*Exercise aim*.
Please write out the full listing beneath this line exactly, skipping its images.

*Information supplied*.
----

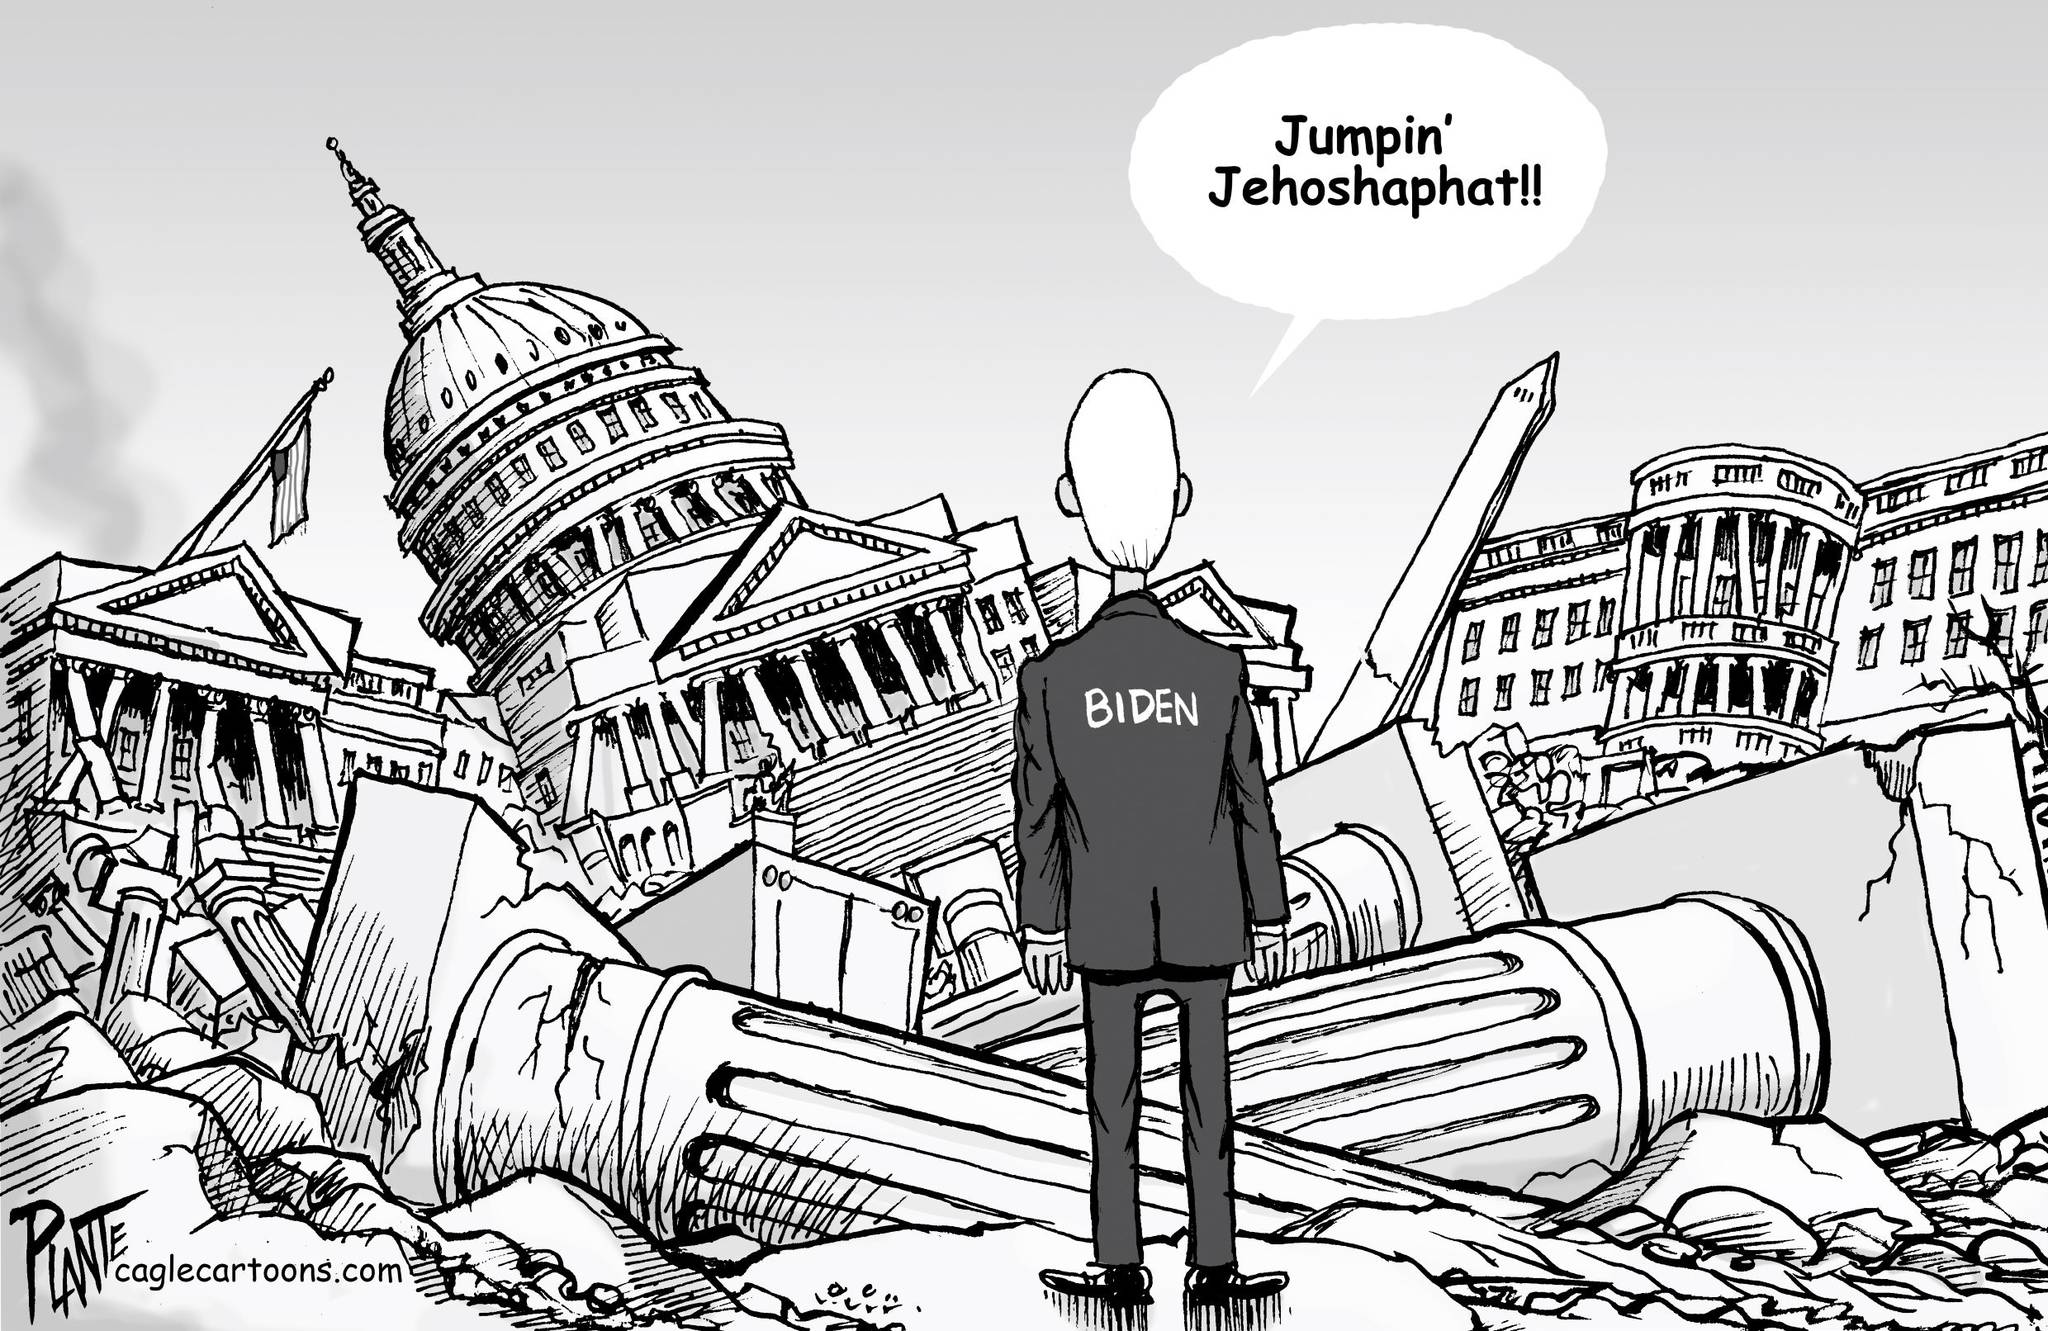 Bruce Plante, PoliticalCartoons.com
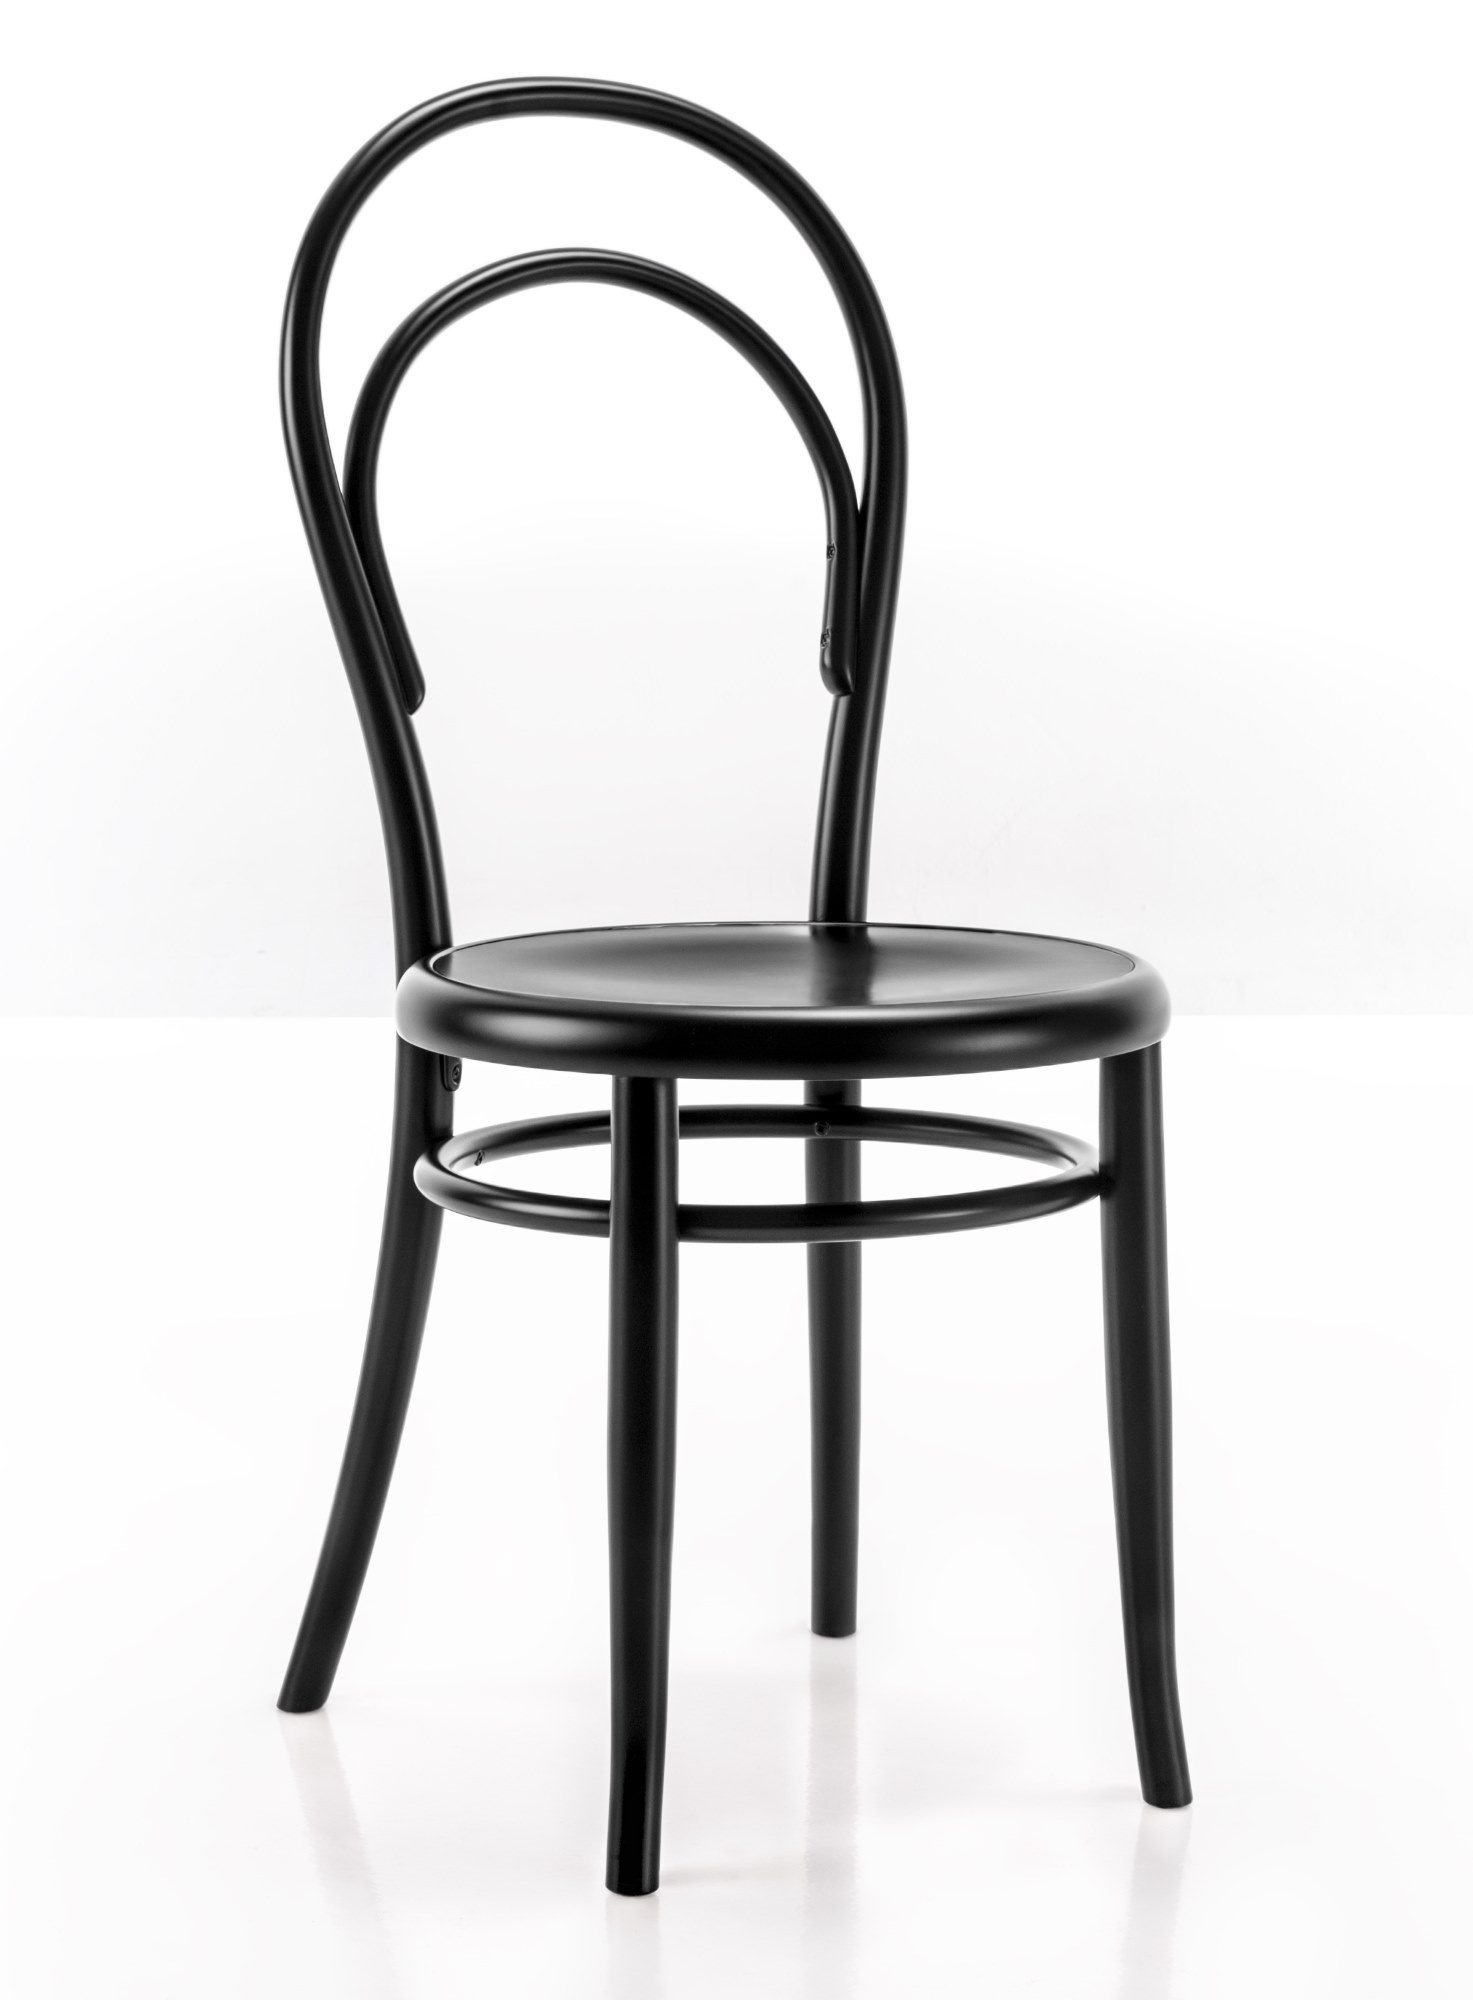 Stuhl Design
 N 14 Stuhl Wiener GTV Design einrichten design

----

*Answer to the exercise*.
 Bruce Plante, PoliticalCartoons.com
 Stuhl Design
 N 14 Stuhl Wiener GTV Design einrichten design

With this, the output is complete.